### TASK ITEM
Beginning with the line that contains "VOLTRON Legendary Defender", reproduce the remaining lines of the material exactly, up to and including the last one, but no pictures.

### PROVIDED DATA
::::::::
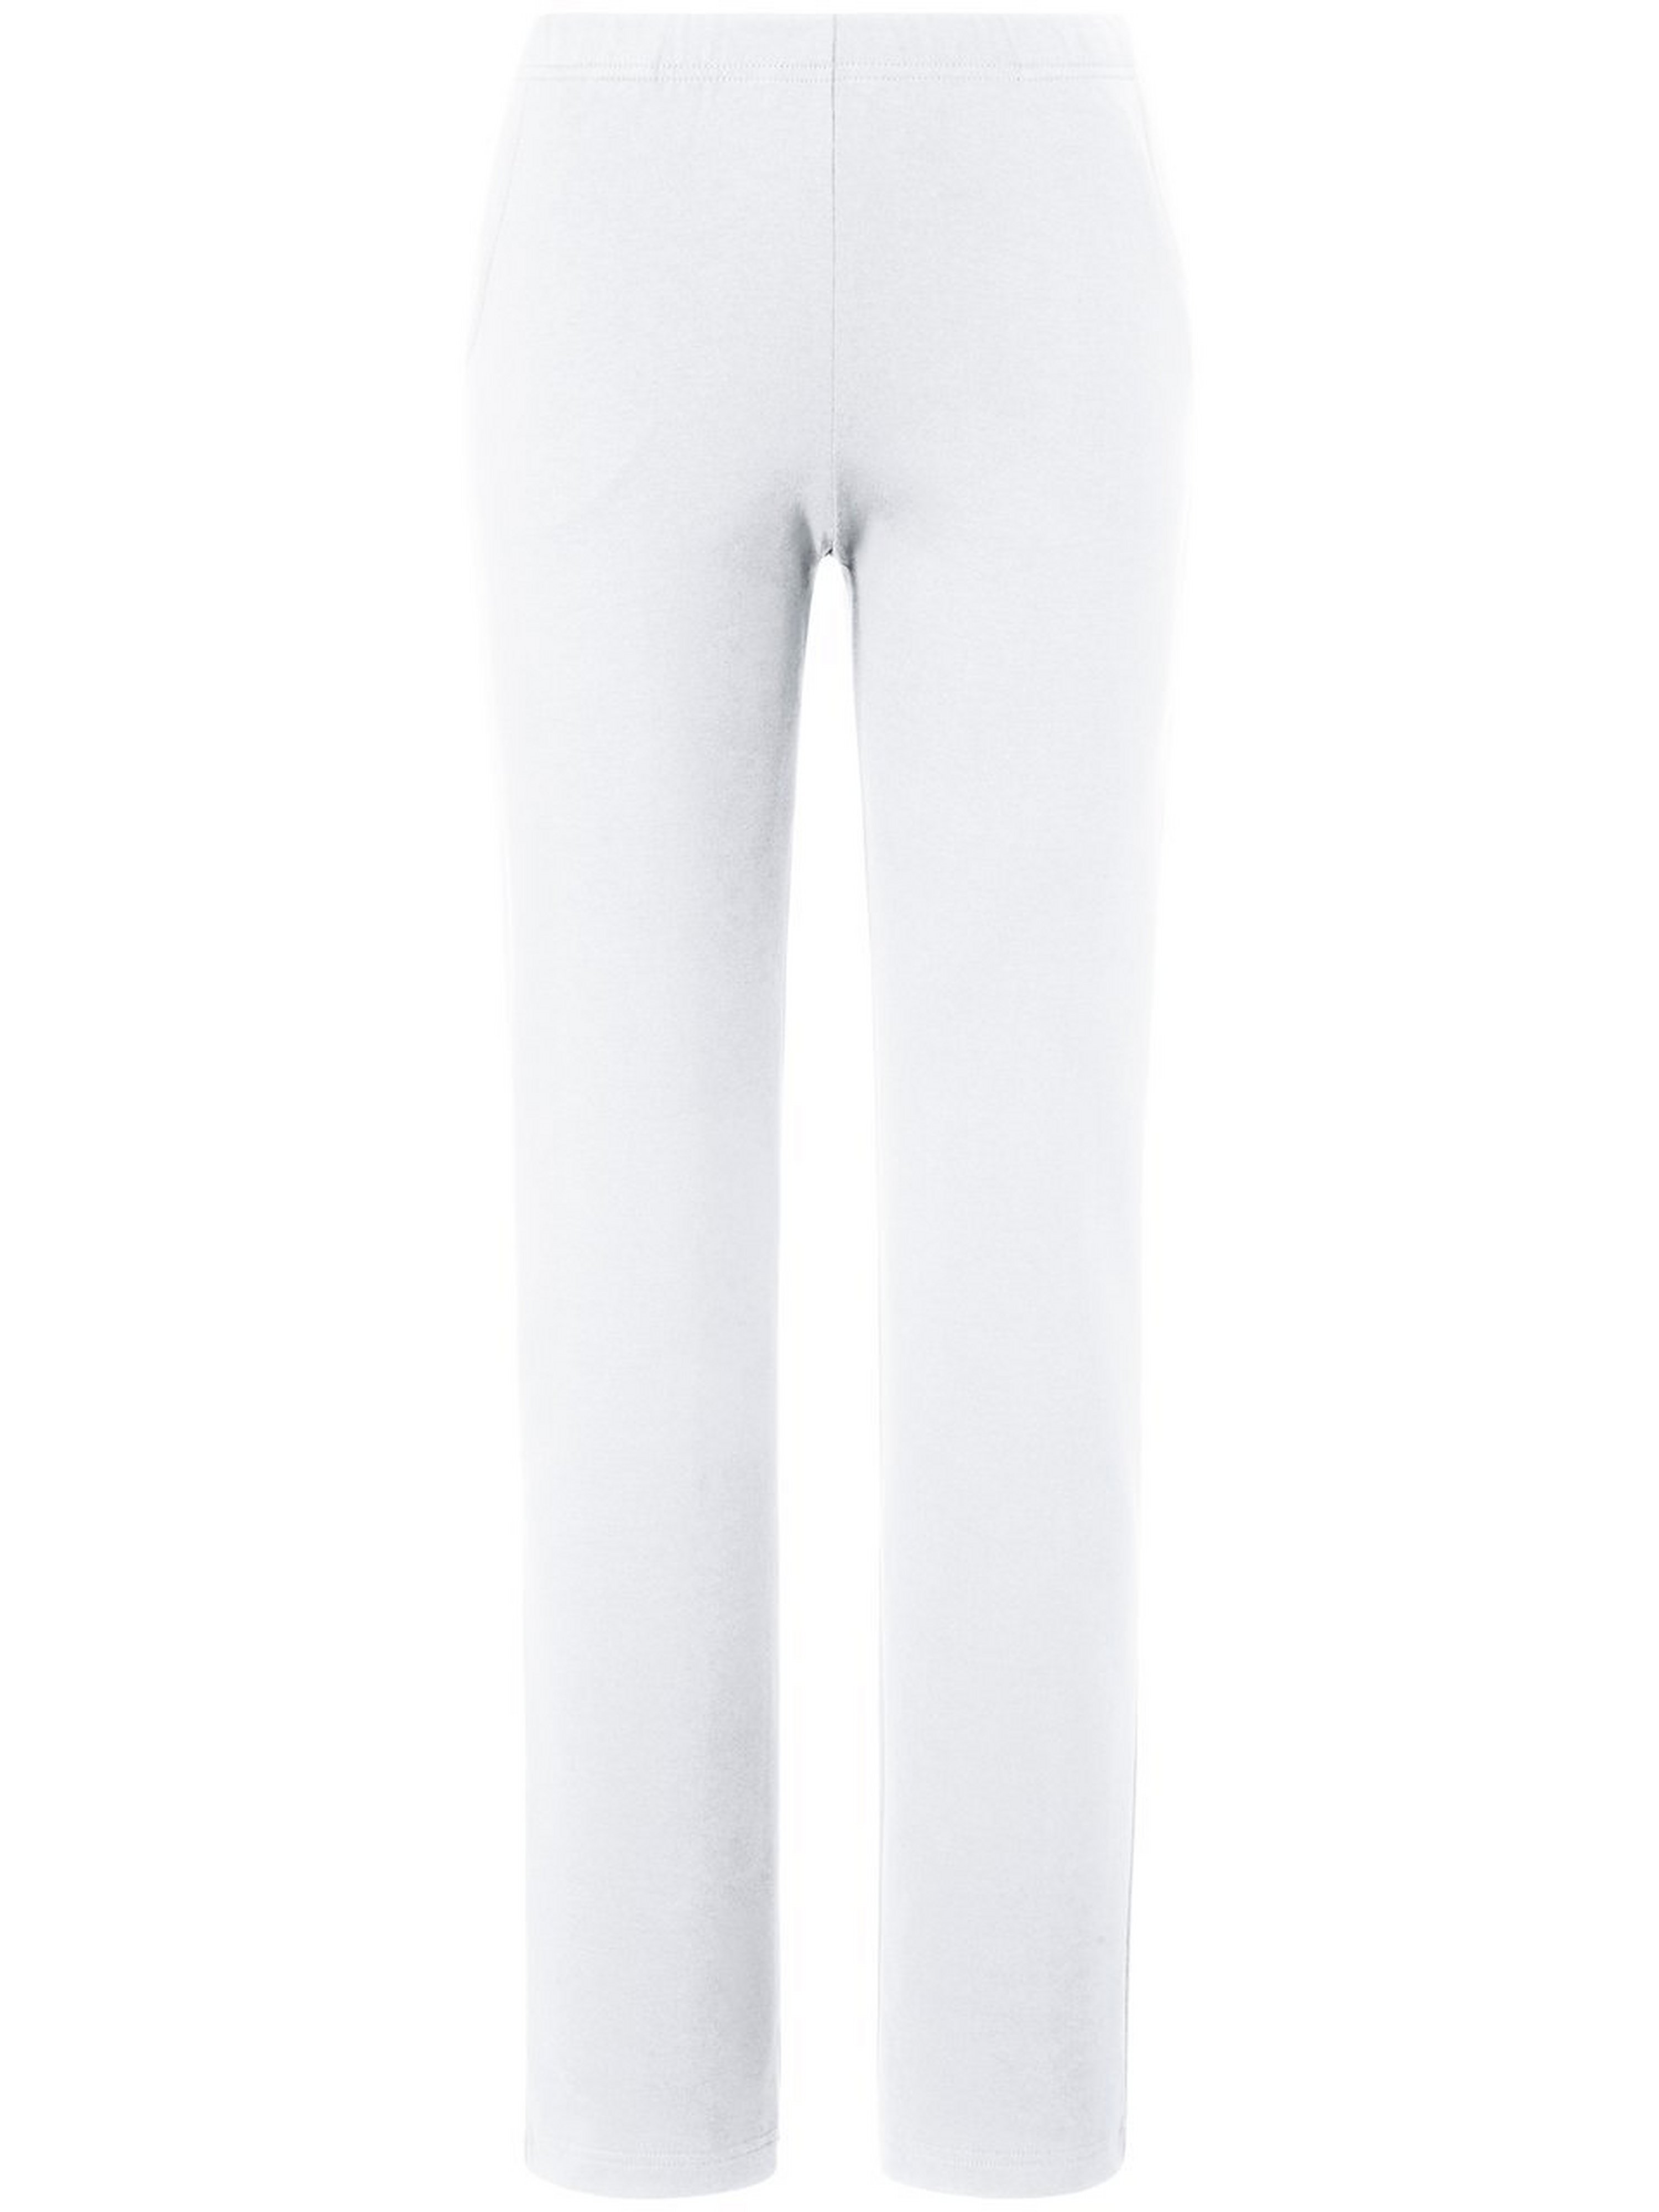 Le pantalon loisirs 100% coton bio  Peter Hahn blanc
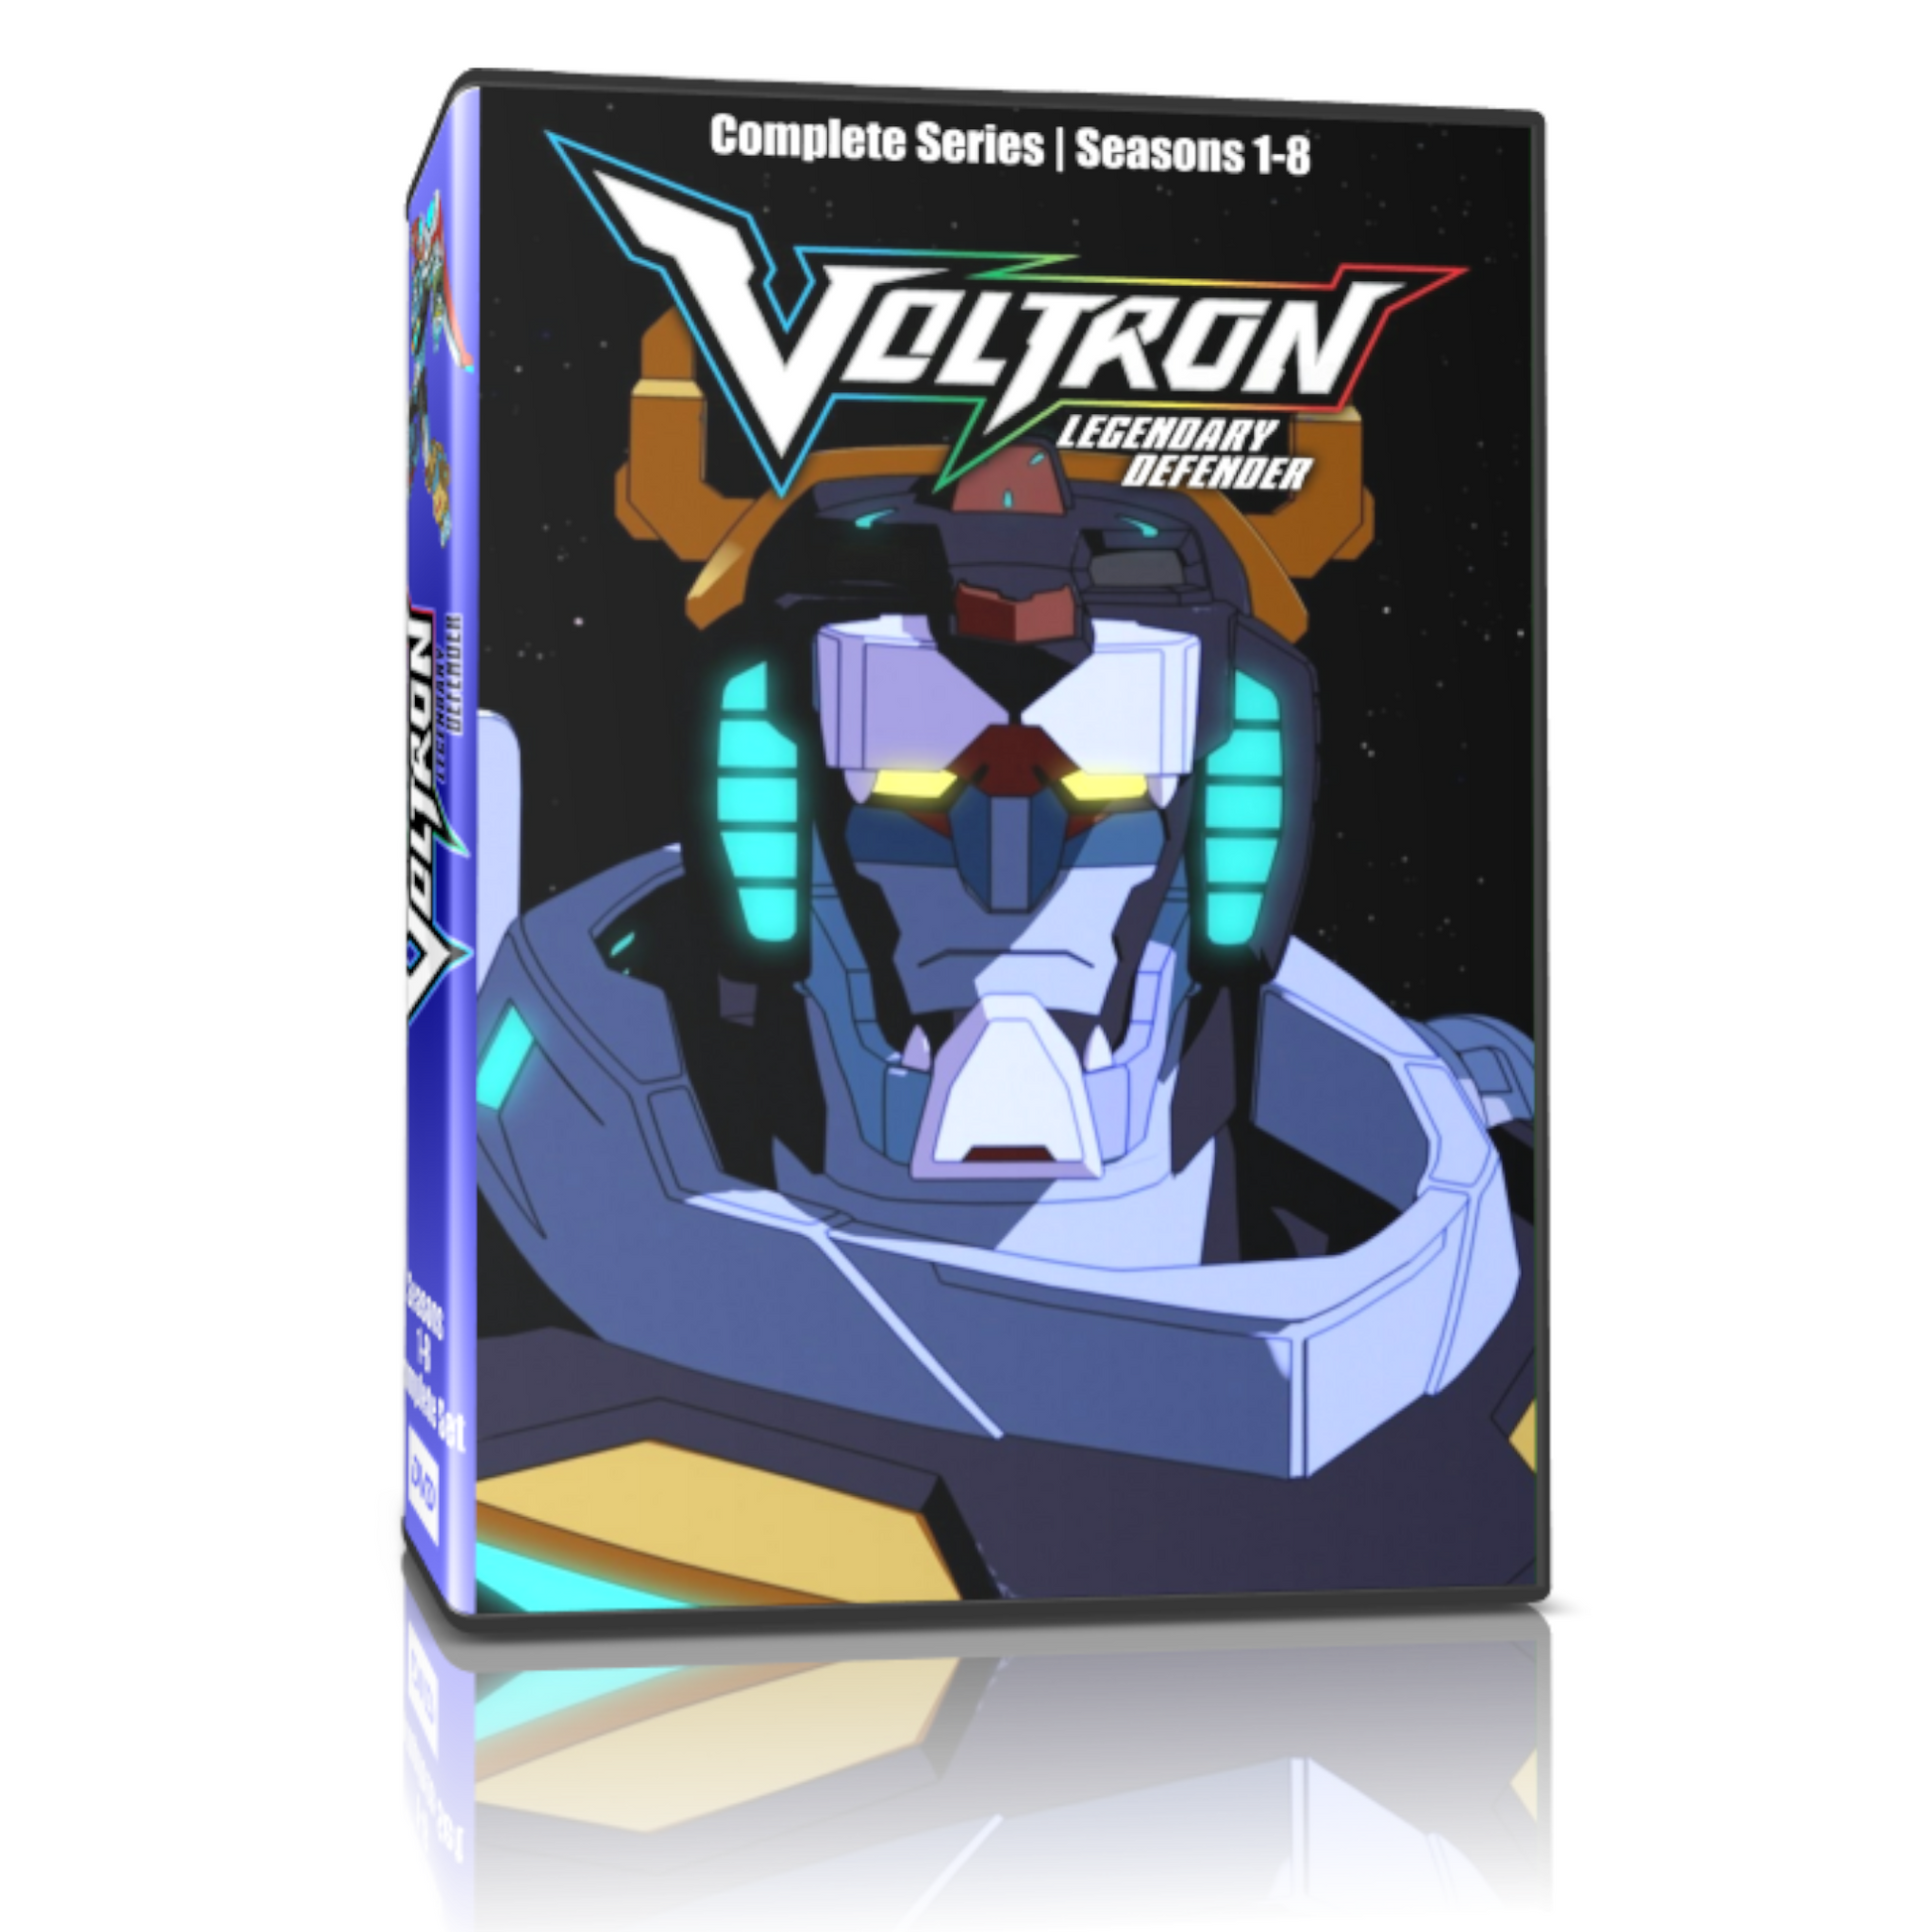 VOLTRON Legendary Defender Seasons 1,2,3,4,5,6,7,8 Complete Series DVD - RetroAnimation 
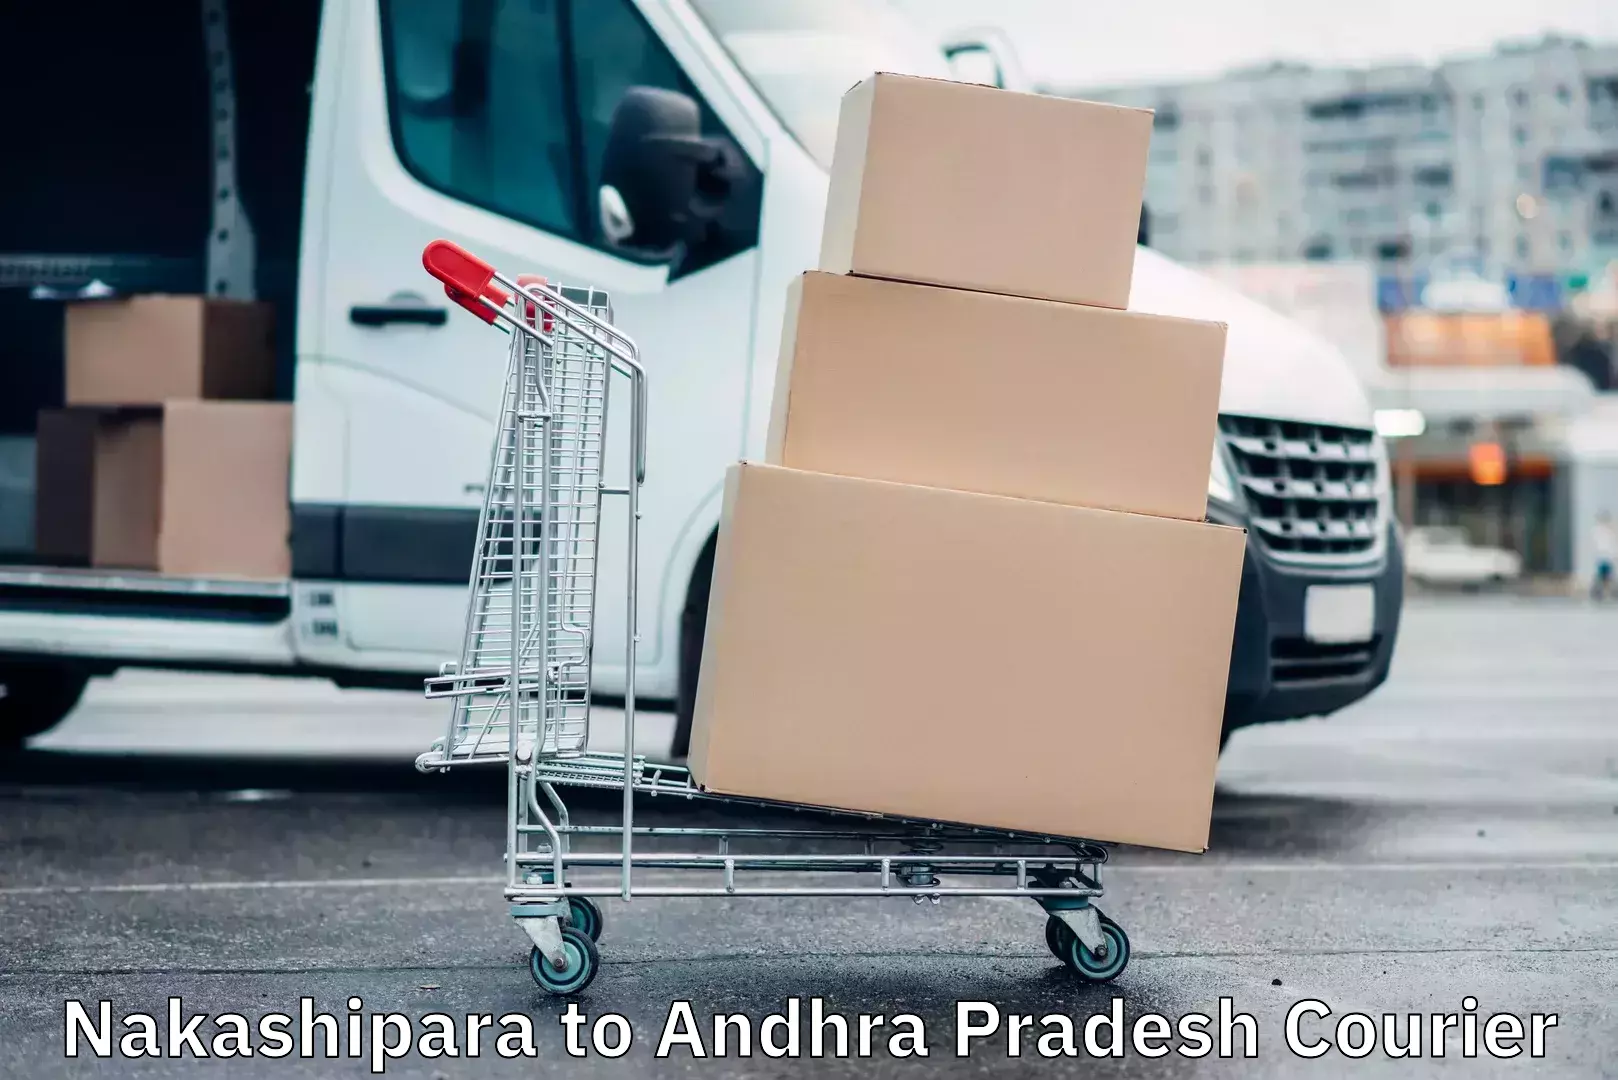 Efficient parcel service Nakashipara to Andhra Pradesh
::::::::
### RESULT FOR THIS EXERCISE
 VOLTRON Legendary Defender Seasons 1,2,3,4,5,6,7,8 Complete Series DVD - RetroAnimation 
 Efficient parcel service Nakashipara to Andhra Pradesh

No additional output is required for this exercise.